WHAT NEEDS TO BE DONE —
Which lines of the entries contain the word "Main"? Please list them.

━━━ RECORDS TO PROCESS ━━━

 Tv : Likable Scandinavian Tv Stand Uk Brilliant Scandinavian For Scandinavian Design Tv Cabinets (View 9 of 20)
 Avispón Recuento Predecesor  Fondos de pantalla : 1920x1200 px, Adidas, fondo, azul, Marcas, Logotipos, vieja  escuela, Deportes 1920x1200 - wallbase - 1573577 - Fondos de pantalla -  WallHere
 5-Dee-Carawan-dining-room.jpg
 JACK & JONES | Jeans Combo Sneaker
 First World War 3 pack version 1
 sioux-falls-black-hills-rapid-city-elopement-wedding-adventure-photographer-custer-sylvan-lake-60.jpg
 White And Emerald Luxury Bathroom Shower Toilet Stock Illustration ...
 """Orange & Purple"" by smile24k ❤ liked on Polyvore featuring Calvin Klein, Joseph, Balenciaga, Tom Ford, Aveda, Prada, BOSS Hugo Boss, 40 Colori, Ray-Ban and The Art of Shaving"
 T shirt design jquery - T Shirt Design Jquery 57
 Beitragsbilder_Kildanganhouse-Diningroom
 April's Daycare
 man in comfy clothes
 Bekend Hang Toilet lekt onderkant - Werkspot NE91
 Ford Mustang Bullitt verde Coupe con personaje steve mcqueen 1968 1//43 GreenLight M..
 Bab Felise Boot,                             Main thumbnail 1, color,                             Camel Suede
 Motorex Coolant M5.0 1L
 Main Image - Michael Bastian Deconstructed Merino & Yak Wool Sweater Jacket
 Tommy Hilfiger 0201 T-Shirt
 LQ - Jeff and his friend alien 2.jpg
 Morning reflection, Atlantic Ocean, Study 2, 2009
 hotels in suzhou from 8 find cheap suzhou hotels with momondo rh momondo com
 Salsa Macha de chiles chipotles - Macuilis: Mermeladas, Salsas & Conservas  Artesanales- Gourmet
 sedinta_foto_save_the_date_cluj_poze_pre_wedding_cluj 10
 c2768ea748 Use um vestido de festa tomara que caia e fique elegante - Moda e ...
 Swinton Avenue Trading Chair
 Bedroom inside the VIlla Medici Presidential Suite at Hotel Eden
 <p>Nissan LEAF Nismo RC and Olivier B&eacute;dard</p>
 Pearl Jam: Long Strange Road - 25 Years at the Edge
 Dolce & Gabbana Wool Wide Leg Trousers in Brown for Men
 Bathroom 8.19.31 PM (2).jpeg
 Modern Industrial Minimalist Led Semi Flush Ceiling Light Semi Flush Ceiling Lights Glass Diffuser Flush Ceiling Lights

━━━

TASK OUTPUT —
 Bab Felise Boot,                             Main thumbnail 1, color,                             Camel Suede
 Main Image - Michael Bastian Deconstructed Merino & Yak Wool Sweater Jacket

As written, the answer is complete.